The Google patent application involves methods that are also explored in papers from Google; Translating Queries into Snippets for Improved Query Expansion (pdf), and Statistical Machine Translation for Query Expansion in Answer Retrieval (pdf).

The patent application lists a couple of inventors who were also authors of those papers:

Machine Translation for Query Expansion
Invented by Stefan Riezler, Alexander L. Vasserman
Assigned to Google
US Patent Application 20080319962
Published December 25, 2008
Filed: March 17, 2008

Abstract

Methods, systems and apparatus, including computer program products, for expanding search queries. One method includes receiving a search query, selecting a synonym of a term in the search query based on a context of occurrence of the term in the received search query, the synonym having been derived from statistical machine translation of the term, and expanding the received search query with the synonym and using the expanded search query to search a collection of documents.

Alternatively, another method includes receiving a request to search a corpus of documents, the request specifying a search query, using statistical machine translation to translate the specified search query into an expanded search query, the specified search query and the expanded search query being in the same natural language, and in response to the request, using the expanded search query to search a collection of documents.

Using Statistical Machine Translation (SMT) to find Synonyms

The patent application goes into a good amount of detail on how Google might use statistical machine translation to translate a sequence of words from one language to another, to learn how words in different languages are related. If you want a detailed version of how statistical machine translation works , it’s worth looking at the patent filing for their description.

The Google Research Blog, in a post from 2006 titled Statistical machine translation live, provides a much simpler explanation:

Several research systems, including ours, take a different approach: we feed the computer with billions of words of text, both monolingual text in the target language, and aligned text consisting of examples of human translations between the languages. We then apply statistical learning techniques to build a translation model.

So, how does SMT help find synonyms?

The word “ship” in a particular context can be translated to another language the same way that the word “transport” can be. In that context, the word “ship” is synonymous with the word “transport”. So, our example above of a query such as “how to ship a box” might have the same translation as “how to transport a box.”

The search might be expanded to include both queries – “how to ship a box” as well as “how to transport a box.”

A machine translation system may also collect information about words in the same language, to learn about how those words might be related.

Approaches for Training a Statistical Machine Translation Model

The first step is collecting a training set of words, possibly from a number of different sources, such as the following:

1) Looking at Question-Answer Pairs

Imagine looking at as many frequently asked questions pages as possible, and comparing how the same questions are answered differently (or similarly). Taking those questions and answer pairs, and using them as a training body for statistical machine learning might be helpful.

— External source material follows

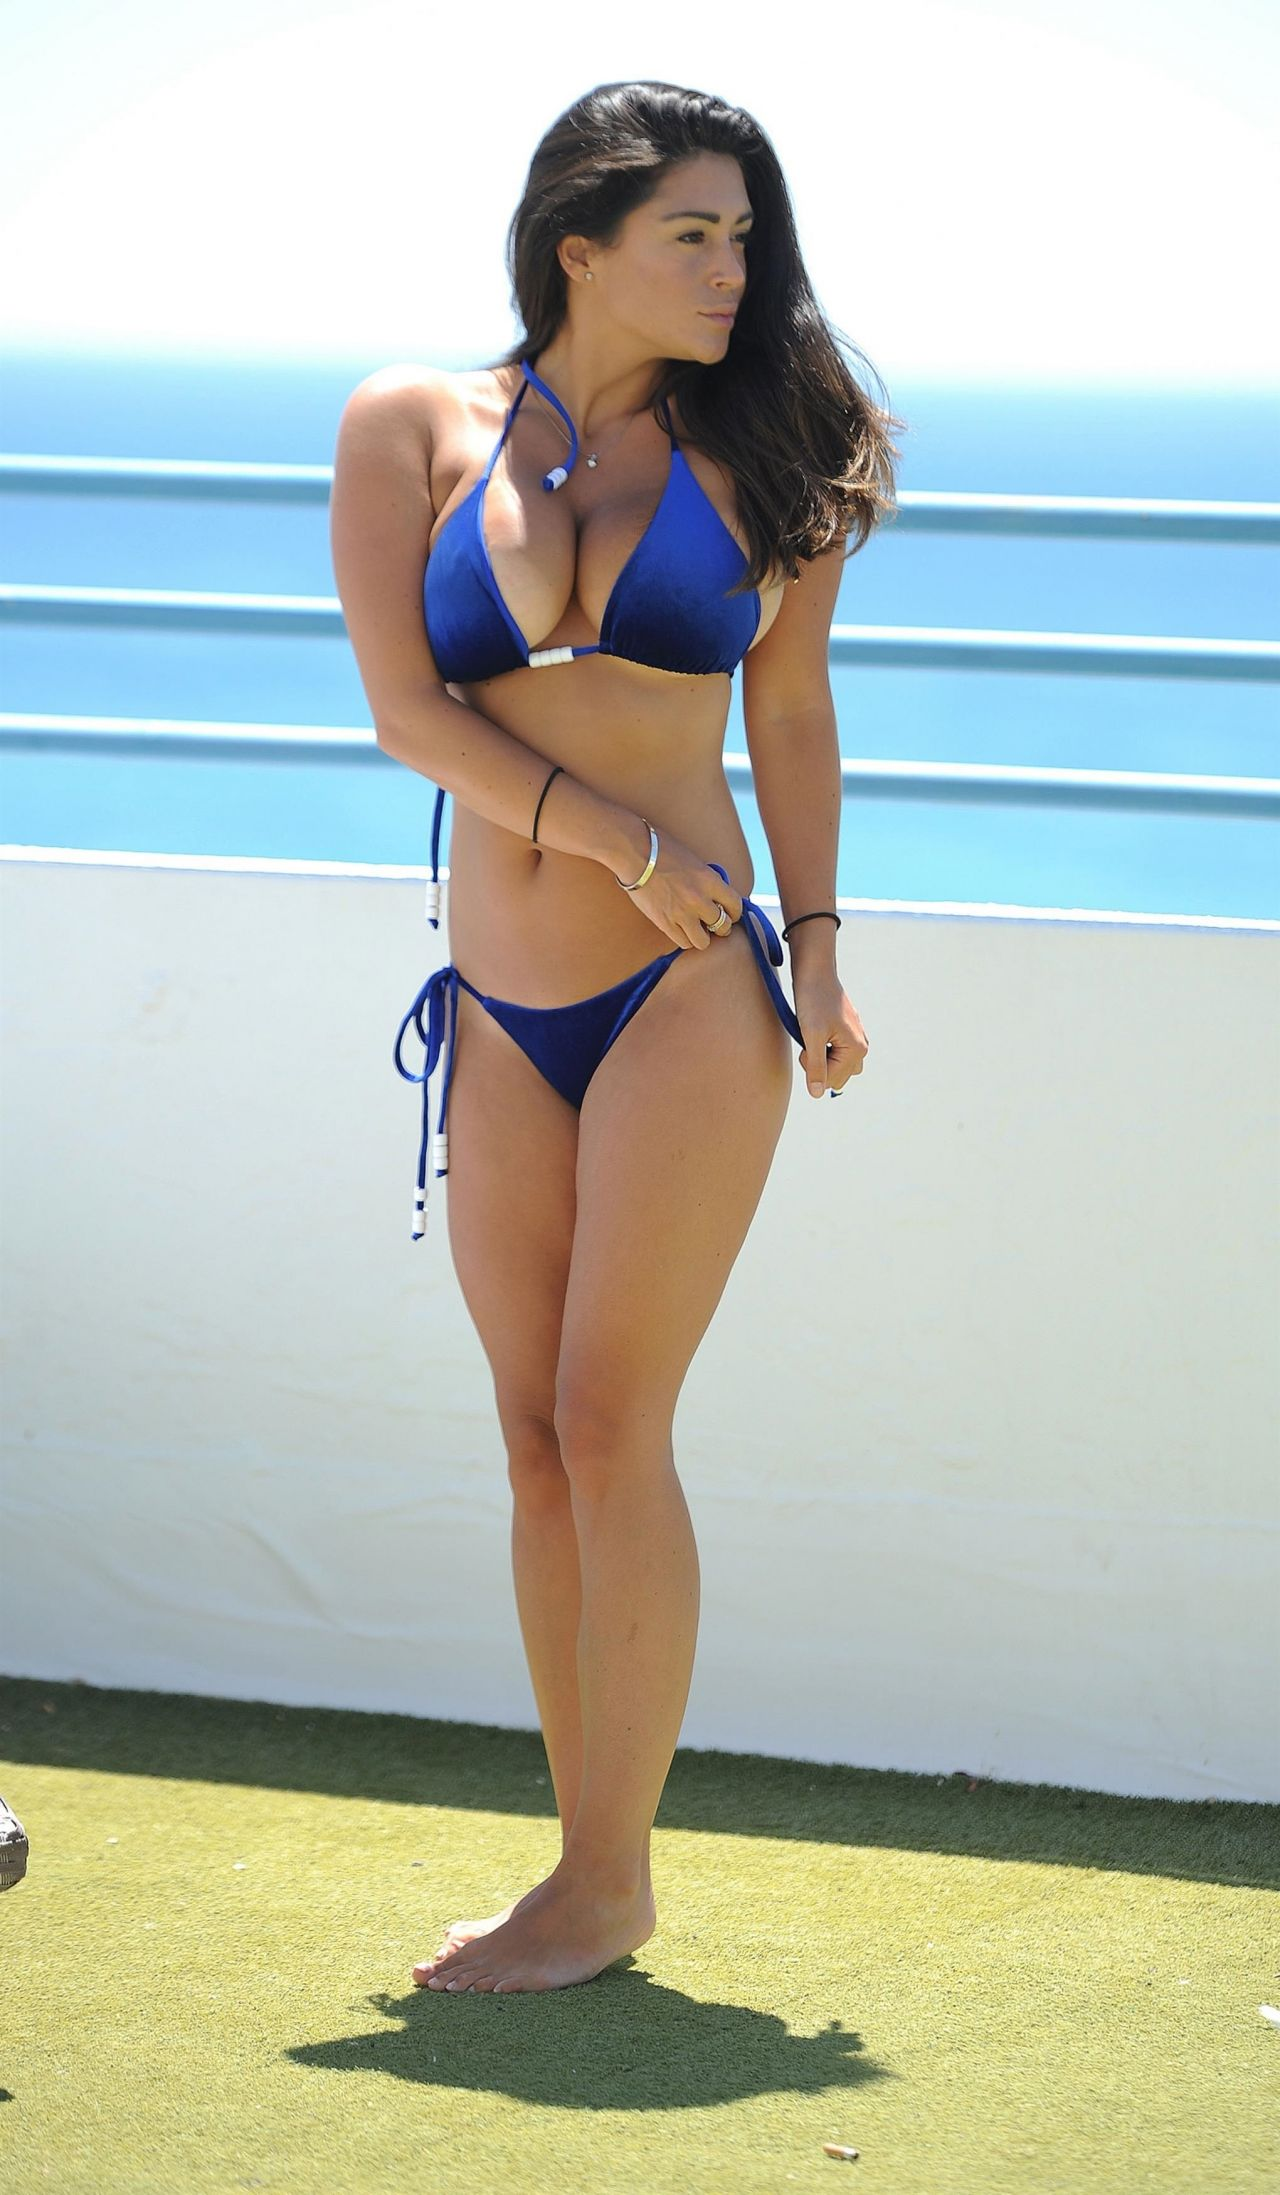 Casey Batchelor in a Blue Bikini - Cyprus 10/15/2017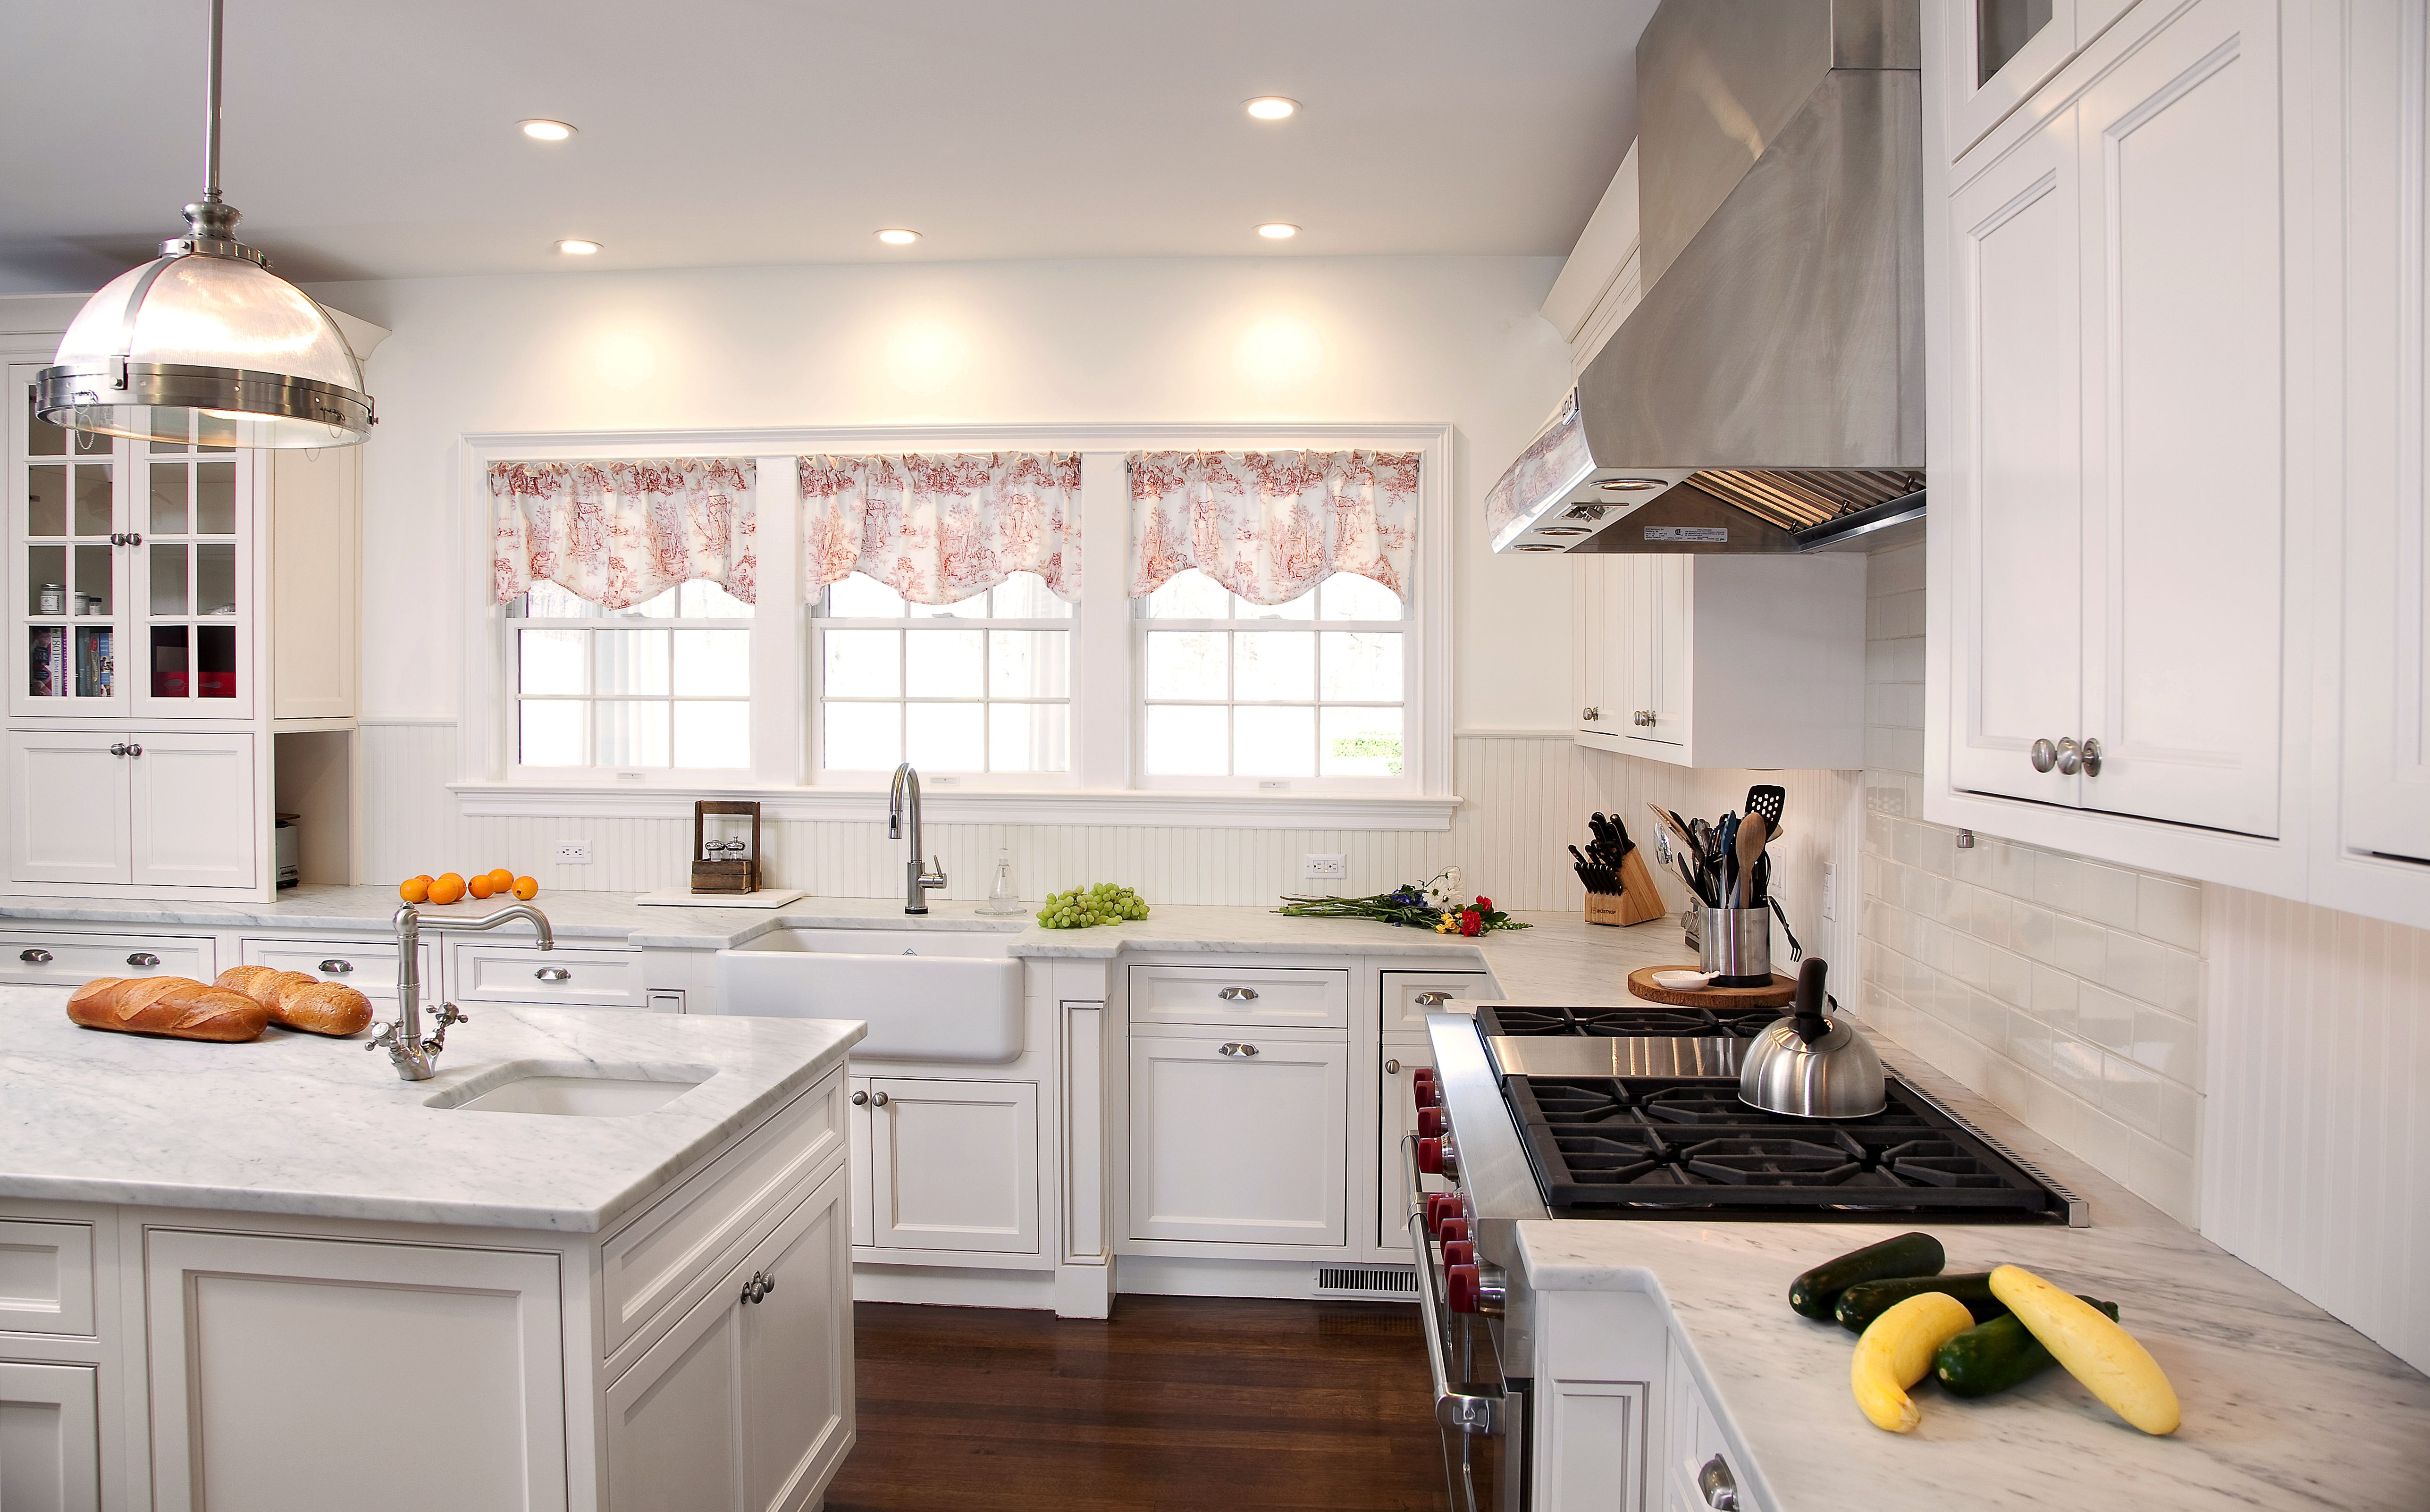 Warwick Ny Kitchen By Kuche Cucina Modern Traditional Or Like Many

2) Looking at Query and Snippet Pairs

Look at the search results for a query in a search engine, and the snippets of those results. Perhaps look even closer at the results that have been selected and viewed more frequently and/or longer by people who searched using those query terms (possibly indicating that those snippets are more relevant for the query term searched with).

Those query and snippet pairs might also be used as a training body for statistical machine learning. Text from the documents themselves, from anchor text in links pointing to those documents, and other information about words appearing in those results such as whether they were used in the page title, or if they are part of a string of text that is relevant to the query used may also be considered.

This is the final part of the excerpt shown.